0,0 dot 1,1 = 0, and when a dot product is zero, the vectors are 90 degrees

Answer 6

consider this in 3 dimensions:

1,1,0
0,k,0
and
0,0,1

when k=0, all we are left with is 1,1,0 and 0,0,1

Answer 7

sorry, i 'm still trying to understand this :/
where did you get 0,0,1?

Answer 8

its a vector that is perpendicular to all other vectors in the xy plane; the zero vector in they xy plane is actually a part of the 0,0,1 vector, or line, in xyz space

Answer 9

oh ok :)

Answer 10

k=0 seems problematic.
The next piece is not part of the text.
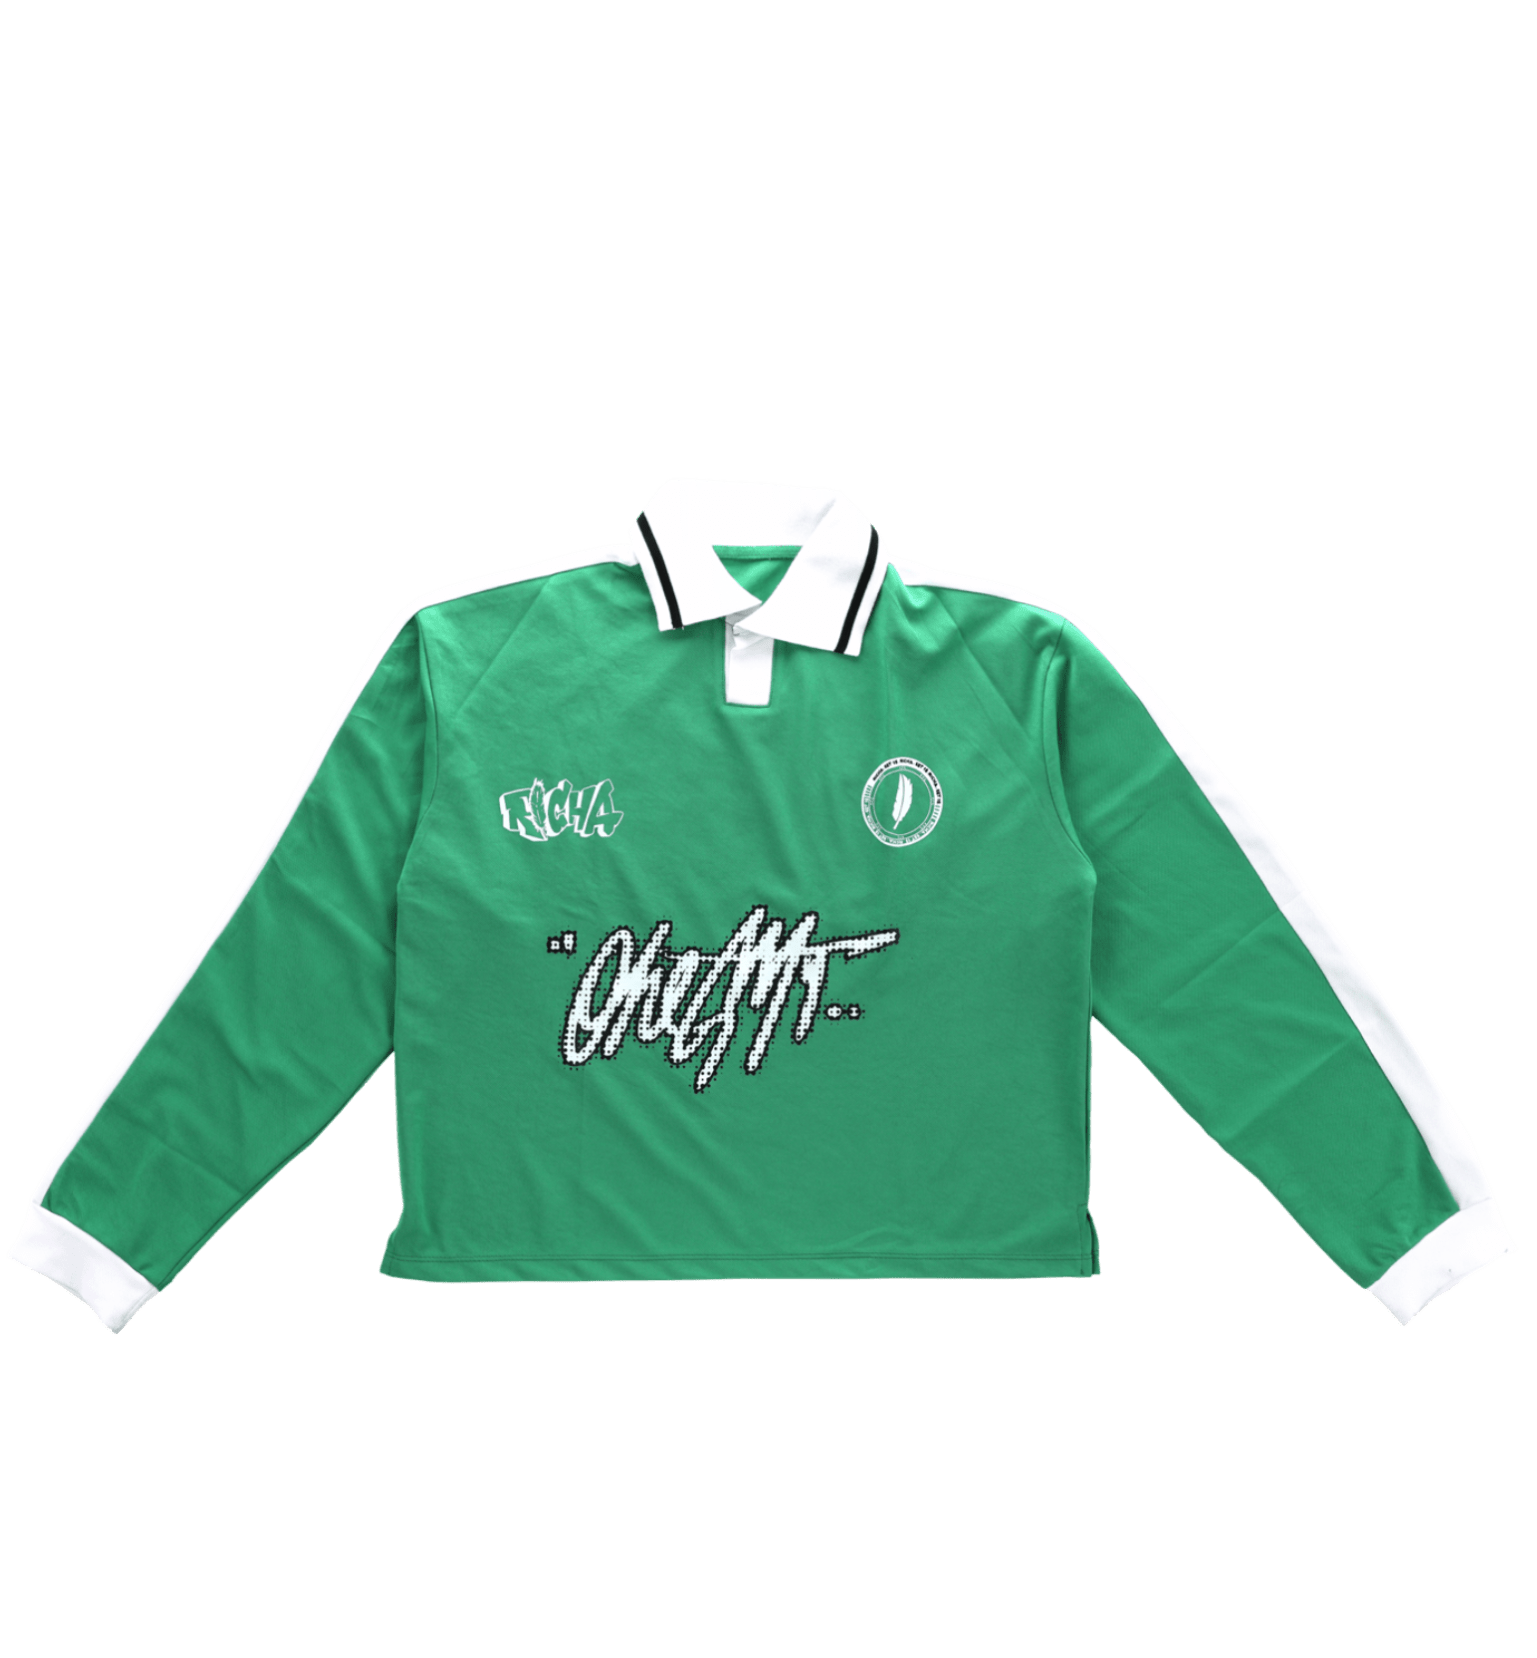 RICHA F.C. Jersey - GREEN/WHITE LS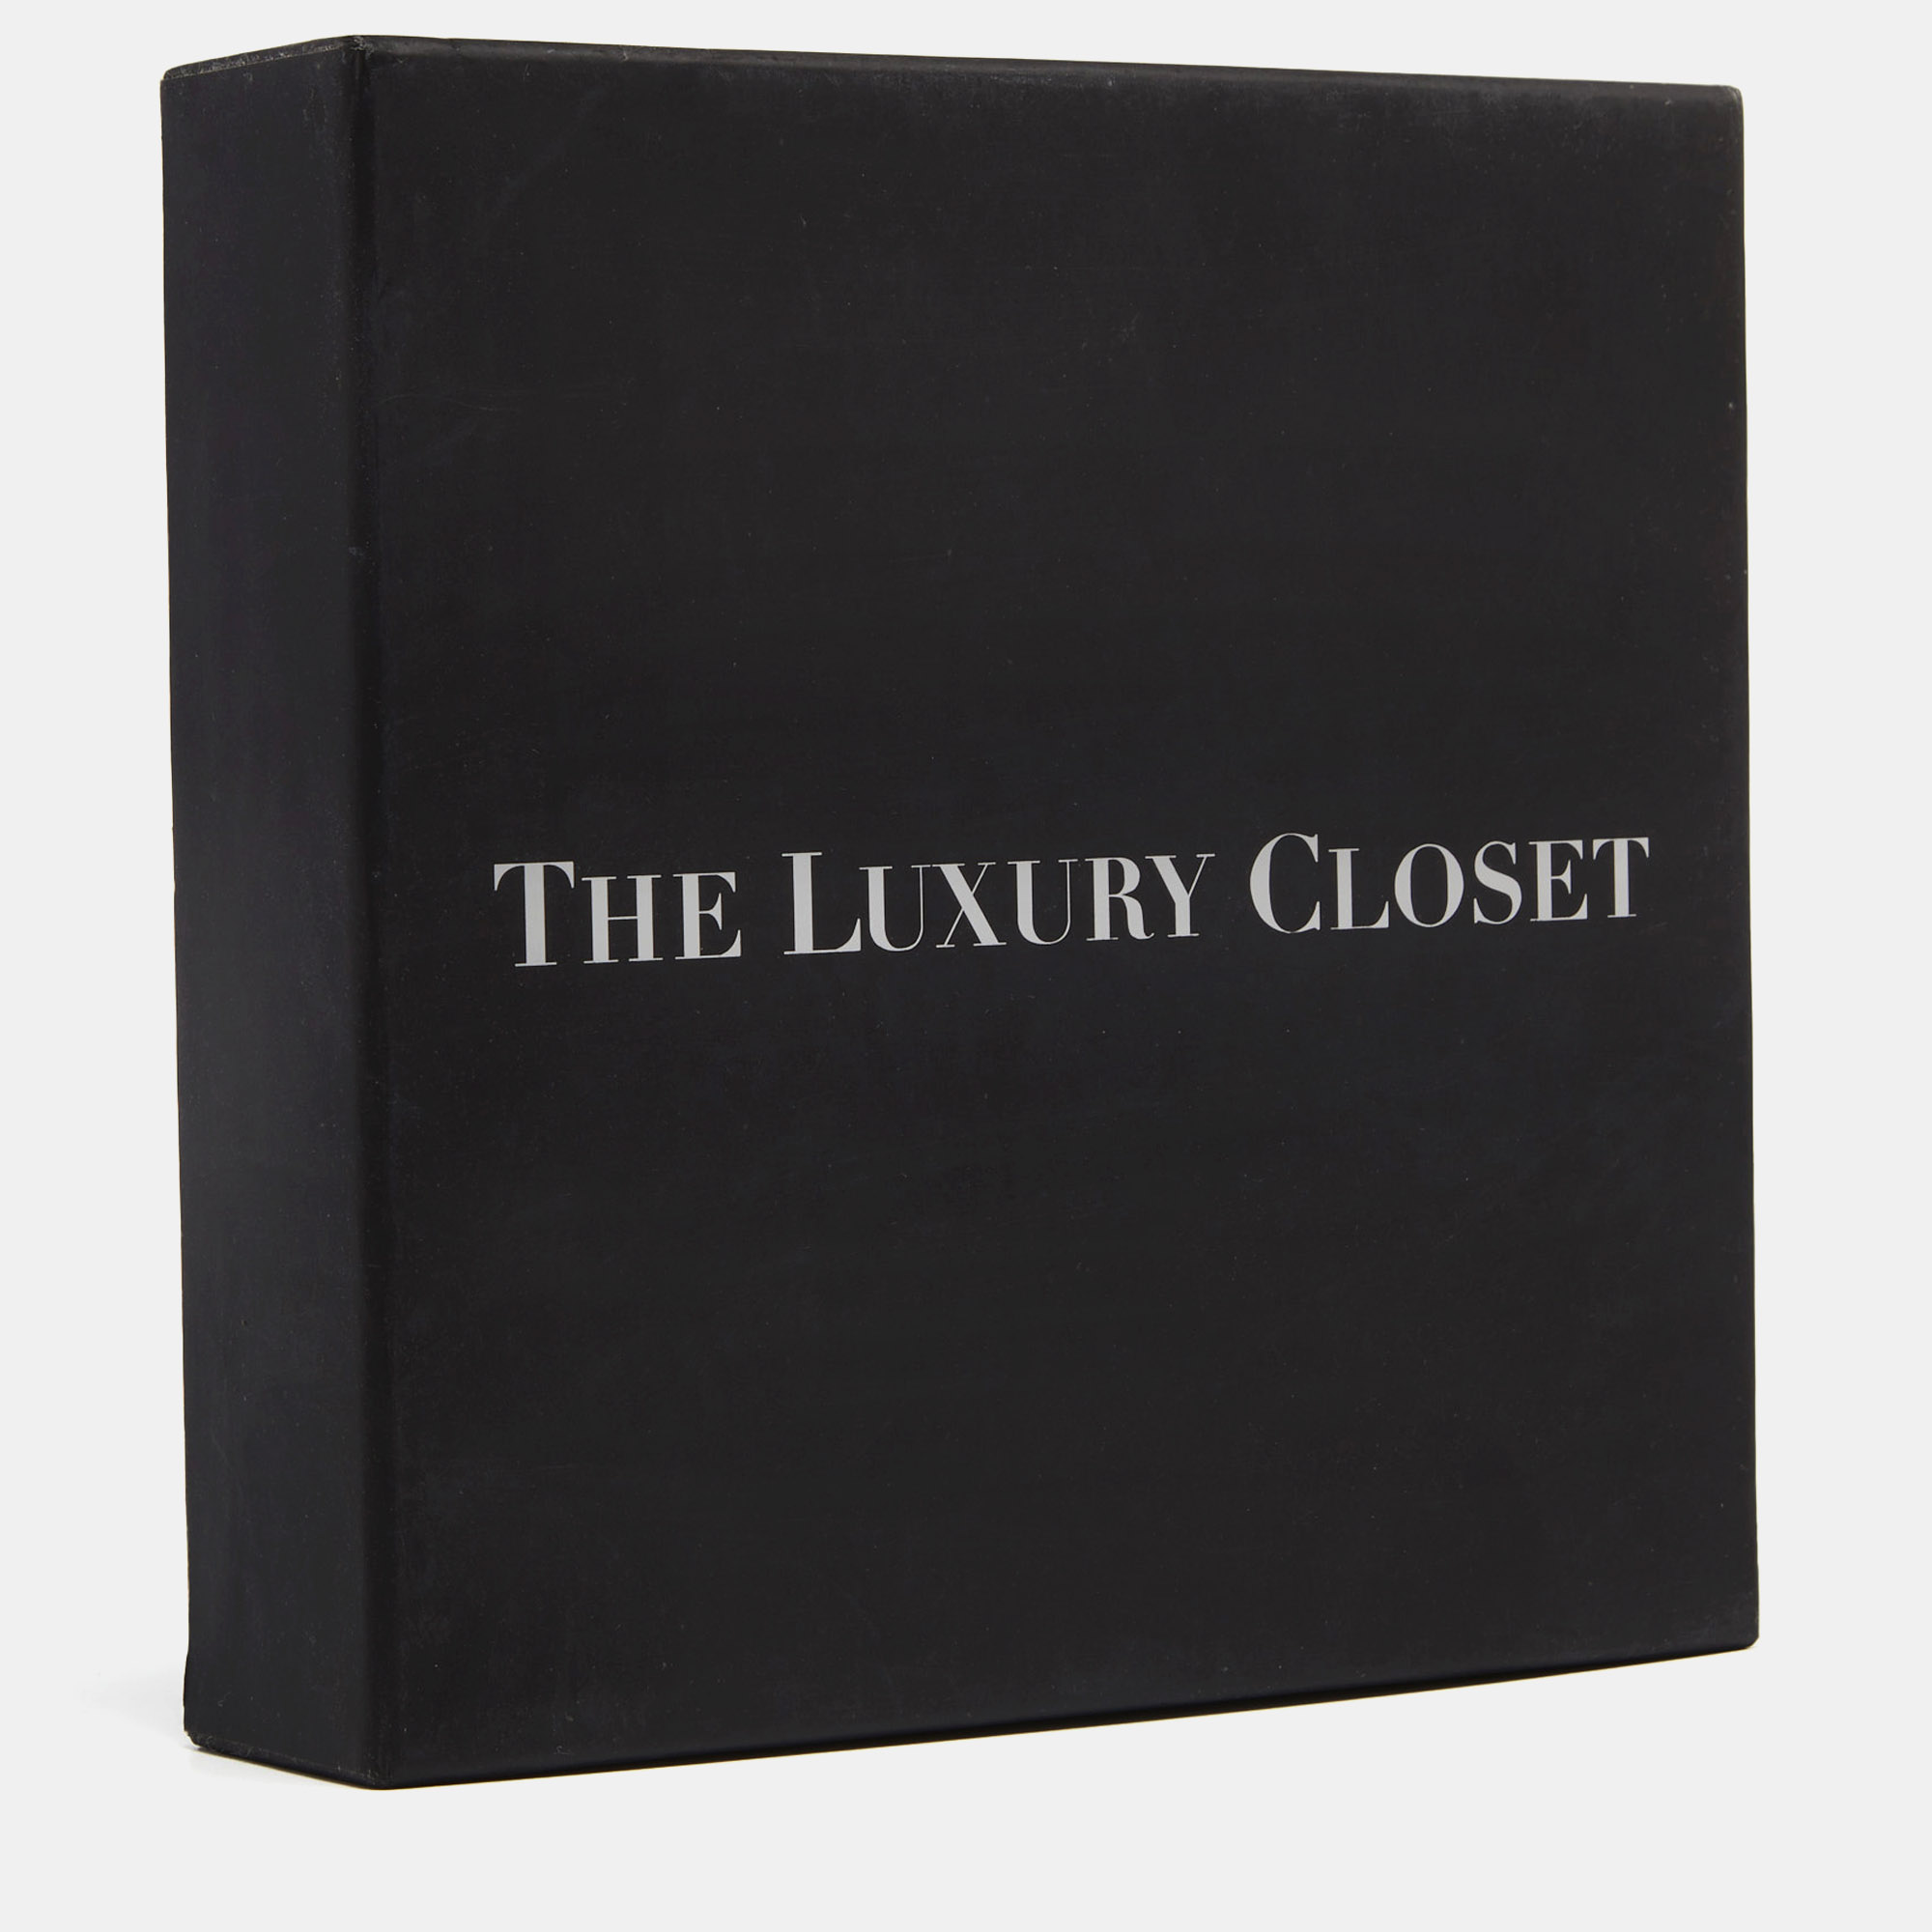 Louis Vuitton Black Braided Leather Chain Shoulder Bag Strap

But here is what they are thinking:

\[ a \cdot b = |a| |b| \cos \theta \]
\[ |a| = \sqrt{2} , |b|= |k| , \cos \theta= \frac{1}{\sqrt{2}}\]
\[ a \cdot b = k = \sqrt{2} \ |k| \frac{1}{\sqrt{2}} \\
k= |k|\]
k≥0 is the solution

Answer 11

to clrify the picture with @amistre64 permition:

the angle will always be 45º if k is positive.